Assignment: Set the data below down again, exactly, with every picture left out.

Recorded data:
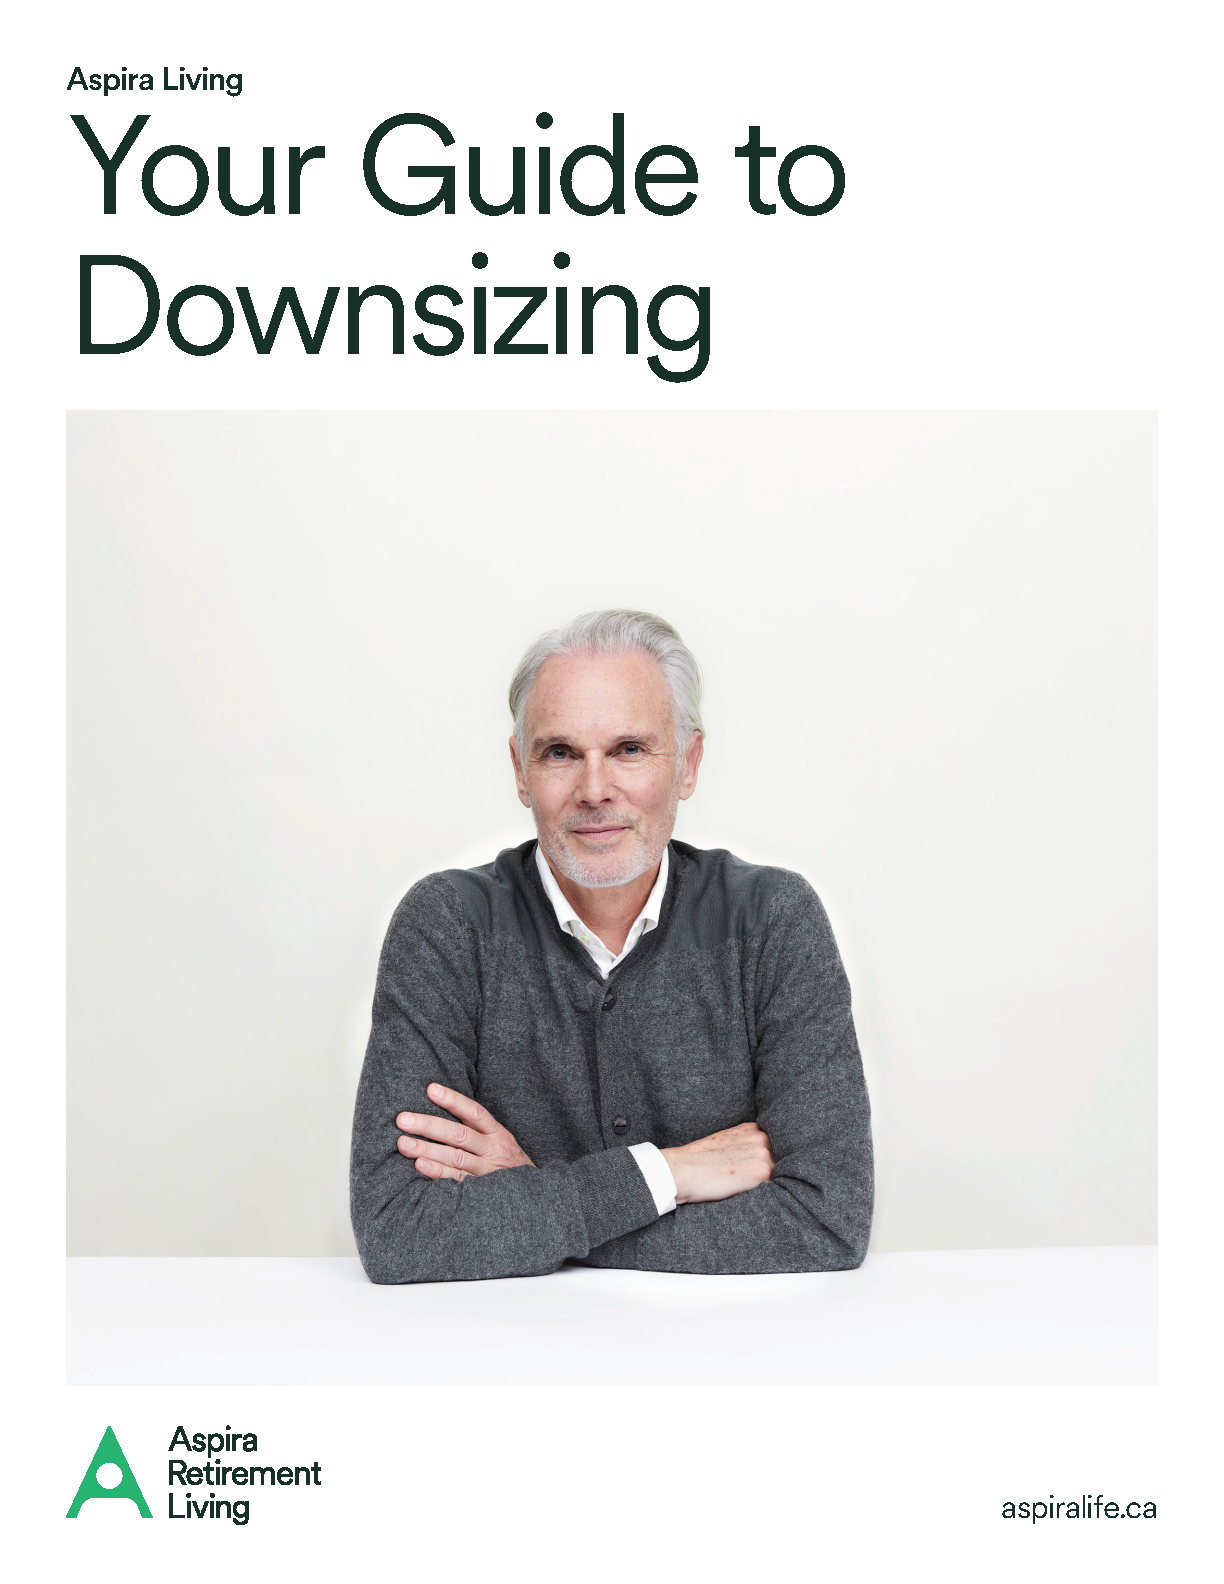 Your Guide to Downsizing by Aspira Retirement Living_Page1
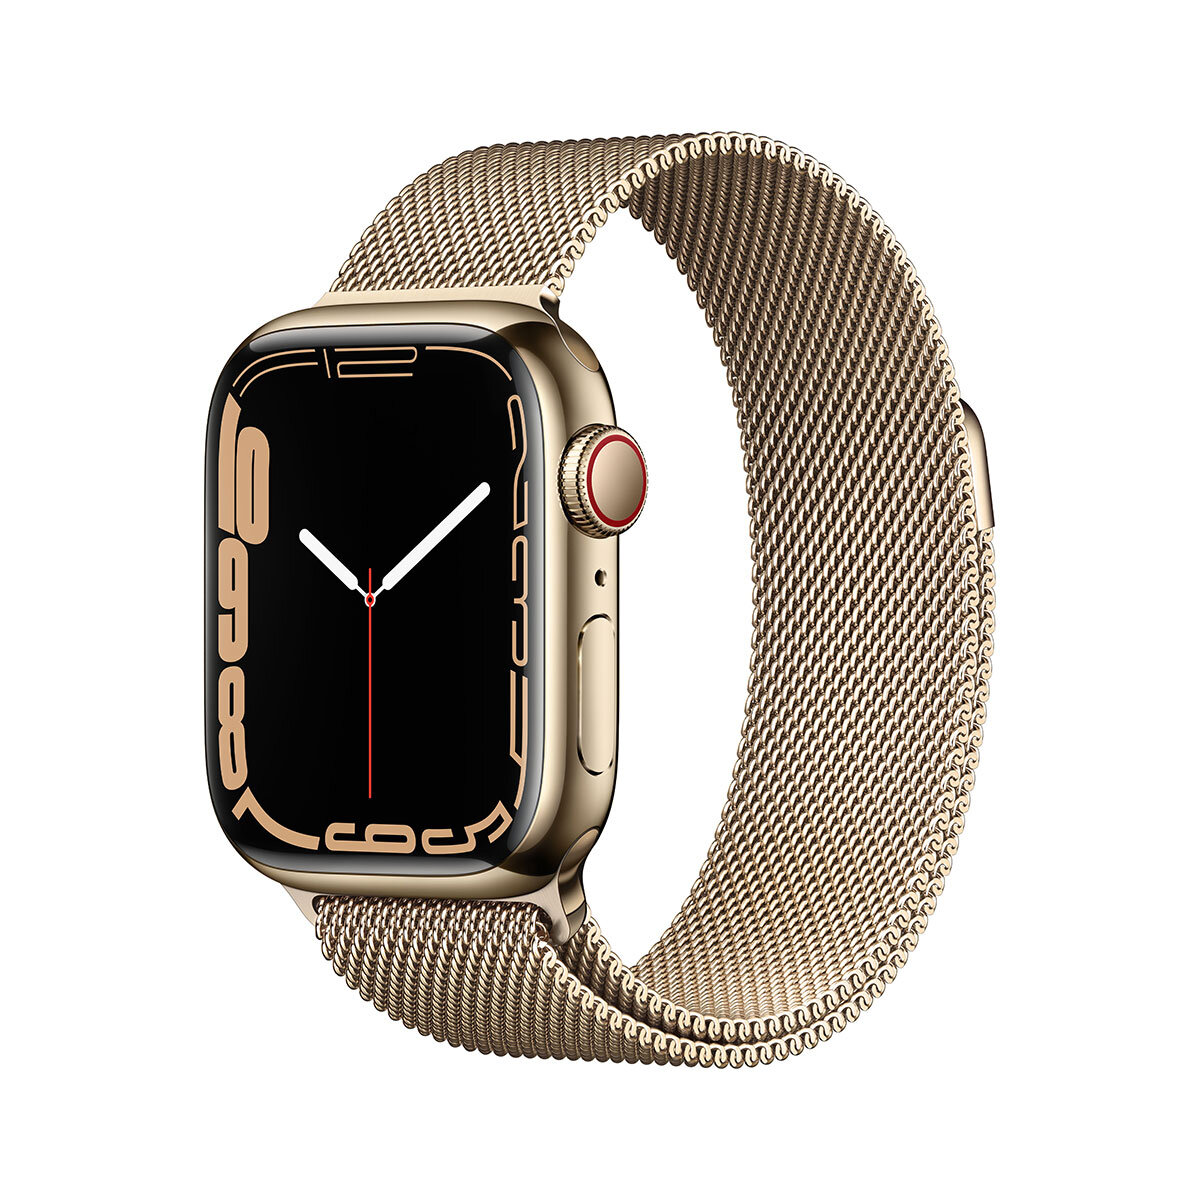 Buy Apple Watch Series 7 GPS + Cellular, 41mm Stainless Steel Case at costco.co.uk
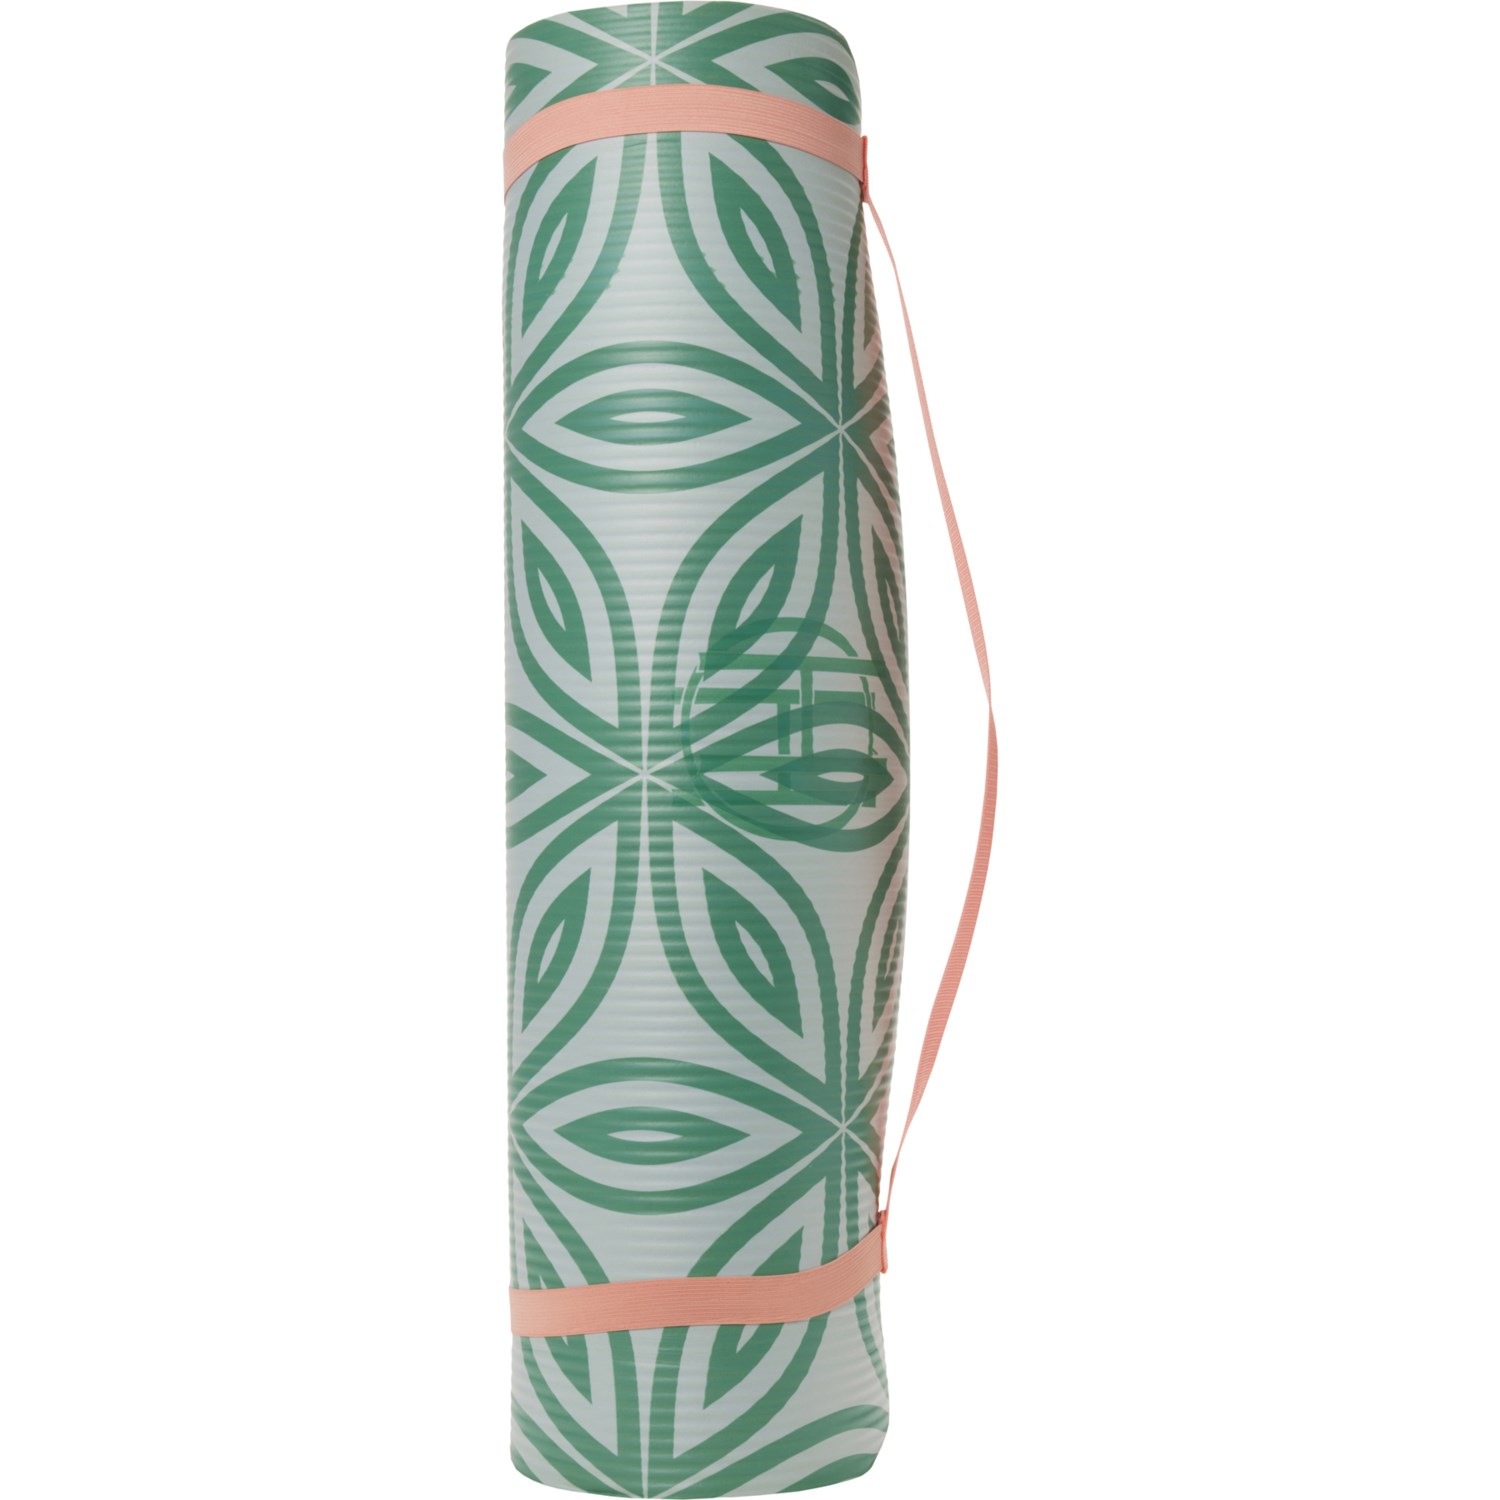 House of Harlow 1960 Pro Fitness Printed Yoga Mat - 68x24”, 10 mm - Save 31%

Expected output:
 Your Guide to Downsizing by Aspira Retirement Living_Page1
 Buy Apple Watch Series 7 GPS + Cellular, 41mm Stainless Steel Case at costco.co.uk
 House of Harlow 1960 Pro Fitness Printed Yoga Mat - 68x24”, 10 mm - Save 31%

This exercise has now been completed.